Today’s post comes from Ypulse Research Associate Phil Savarese.
“Gamers” aren’t only found in the confines of the games they play, gaming has become a lifestyle and entertainment genre all its own, and that lifestyle is rapidly being pushed into various forms of media. Earlier this month, we talked about the rise in popularity of online only web series, and the ones that you should be watching right now. Couple that trend with the recent explosion of video game-related content and you have an entirely new realm of entertainment. We are seeing more and more web series cropping up with stories and content grounded in the gaming lifestyle; from commentary and analysis to scripted shows and hysterical shorts. Here are just a few of the gaming web-series that you should know:
Day[9].tv and the Day[9] Daily
349,120 subscribers on YouTube & 108,737 subscribers on twitch.tv
In 2010, Sean Plott and Eric Berkhart, founded Jink.TV, a company dedicated to providing “smart, funny content on topics that matter to the serious gamer.” Their flagship series “The Day[9] Daily,” or D9D, airs twice a week on twitch.tv with archived episodes on Day9.tv and YouTube. Plott took a childhood hobby and created a career and a brand by beginning Day[9].tv. He was a nerdy kid from Kansas just a decade ago, and in 2011 was named one of Forbes’ top 30 under 30 for entertainment, placing him in the ranks of Millennial icons Jennifer Lawrence, Donald Glover, Lebron James, and Lena Dunham. Day[9].tv may not get millions of views per-video, but they operate perfectly within their niche by providing quality, scheduled content and fostering incredibly high viewer engagement. The discussion boards of the site operate during live streams of Day[9] programming, which gives the web-series a deep social experience.
5,958,612 subscribers
When you think about shows that highlight high school drama and growing pains, you think of the cheerleaders and jocks, the band geeks and AP students. You probably don’t think about a school full of the world’s best e-sport athletes, trying to prove their talent, find their identity, and, of course, get the girl of their dreams. Video Game High School is a live action web series that takes every gamer’s fantasy and brings it to life—as evidenced by the fact that the first episode has eight million views.. VGHS writer and show-runner Matt Arnold calls it “a show about video games, friendship, and a couple of kisses.” The show revolves around a rising star, Brian D, who was thrust into VGHS, his dream school, after defeating the best player in the world, “The Law,” by accident. The concept for the show was originally posted on Kickstarter by co-founder Freddy Wong, an e-sports star himself. The project surpassed their initial funding goal of $75K by $200K, and the nine-episode first season has views close to three million per episode. Wong and crew posted plans for season two to Kickstarter at a goal of $636,010 (the exact amount it cost them to make season one) and raised $808,341 from over 10,000 backers in one month. VGHS shows that a popular show doesn’t need a big budget or even a big studio to be successful. They deliver to their Millennial audience so well the fans are willing to fund it themselves.

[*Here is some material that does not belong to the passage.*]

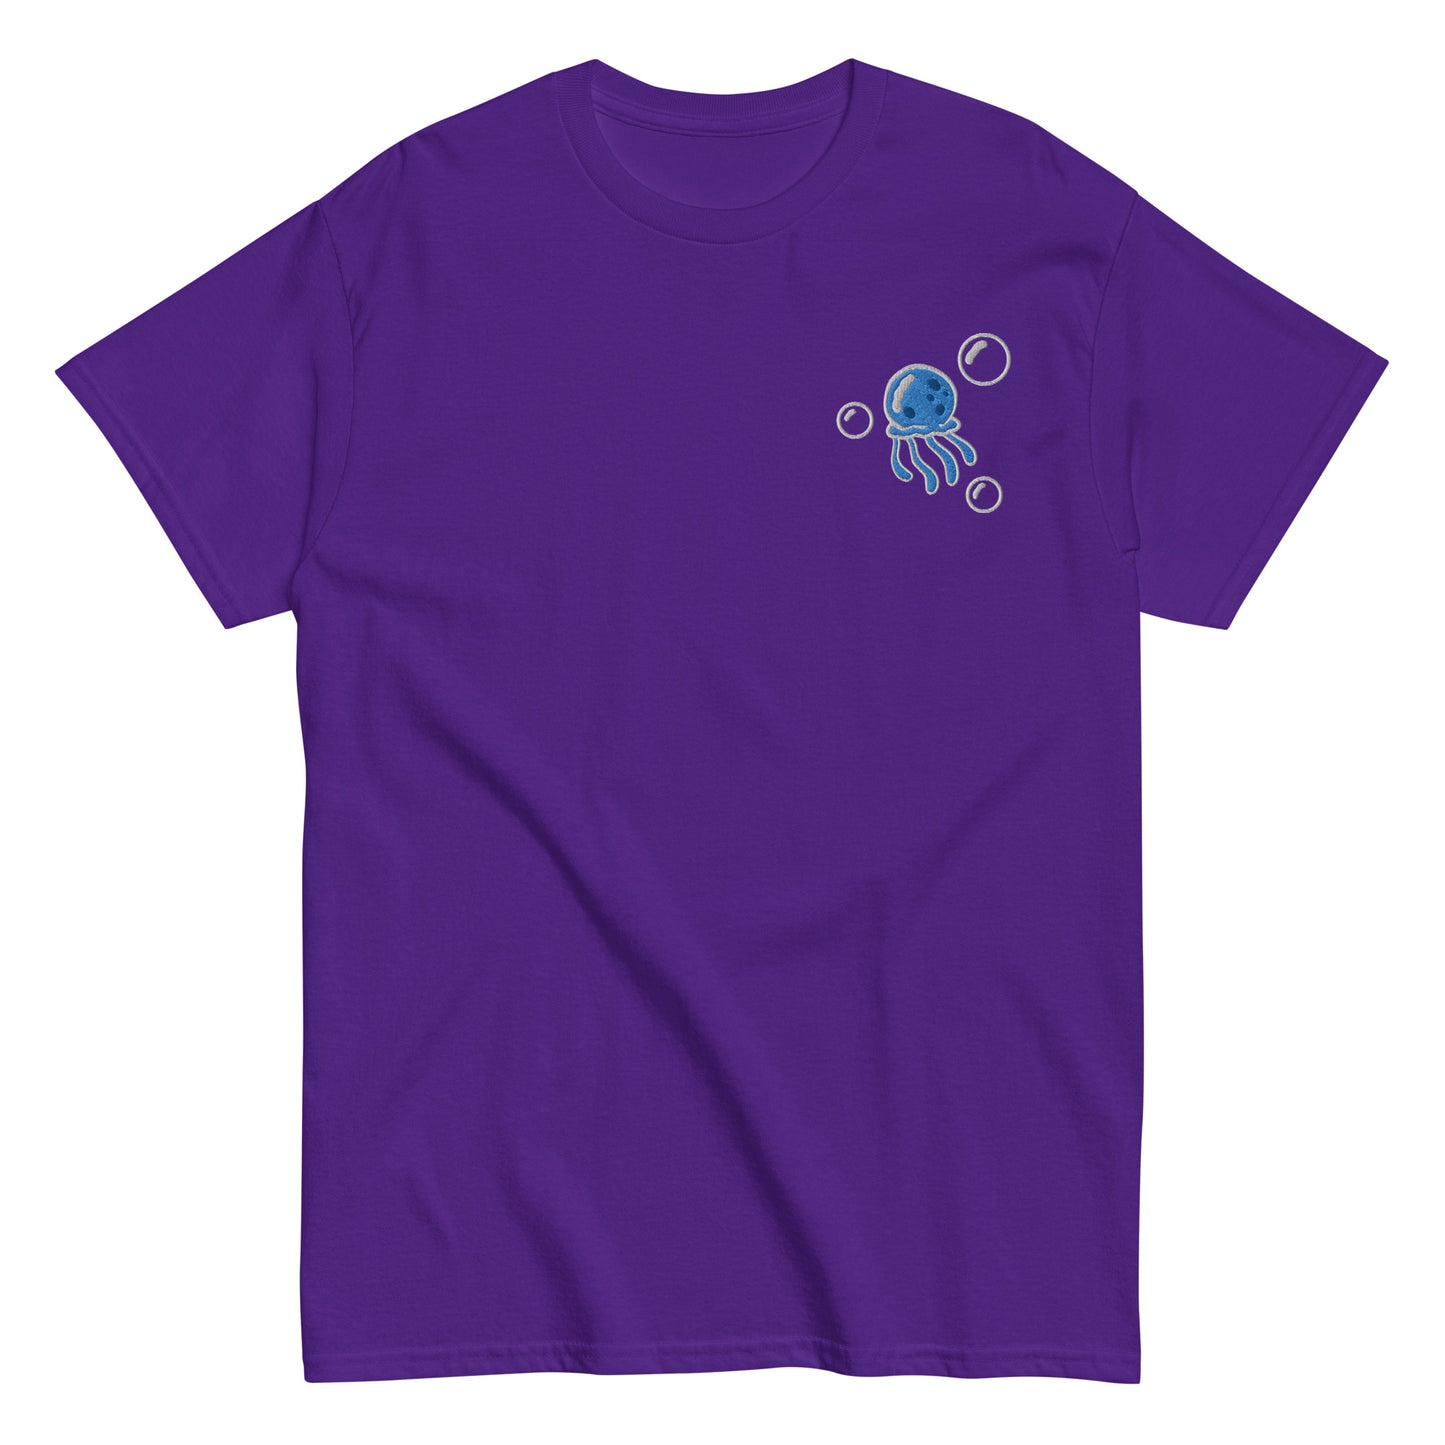 Jellyfish BLUE embroidered t-shirt

Egoraptor: The Awesome Series and Sequelitis
1,075,698 subscribers
Arin Hanson, better known as his online persona “Egoraptor,” provides his YouTube viewers with “cartoons about video games” by both creating and voicing the series. His Awesome Series consists of short cartoons that joke about some of the biggest gaming hits, one of the most popular being “PokeAwesome: Just a Pokemon Battle” a parody of the Pokemon series that went viral in December 2011. Sequelitis, which provides in-depth analysis a game and its sequel with a comedic twist, has fewer installments so far but is incredibly popular, with the episode on Megaman reaching six million views. Hanson’s shows tend to focus on older console games like Megaman, Metal Gear Solid, and Castlevania, and his commentary on these games and the video game industry as a whole is impressive. It also provides interesting insight into the gamer world and experience. Hanson speaks about the art of the game and the feeling gamers should be looking for while playing. The tremendous viewership of his shows is yet another reminder that gamers, a group still considered niche by too many, are a force to be reckoned with.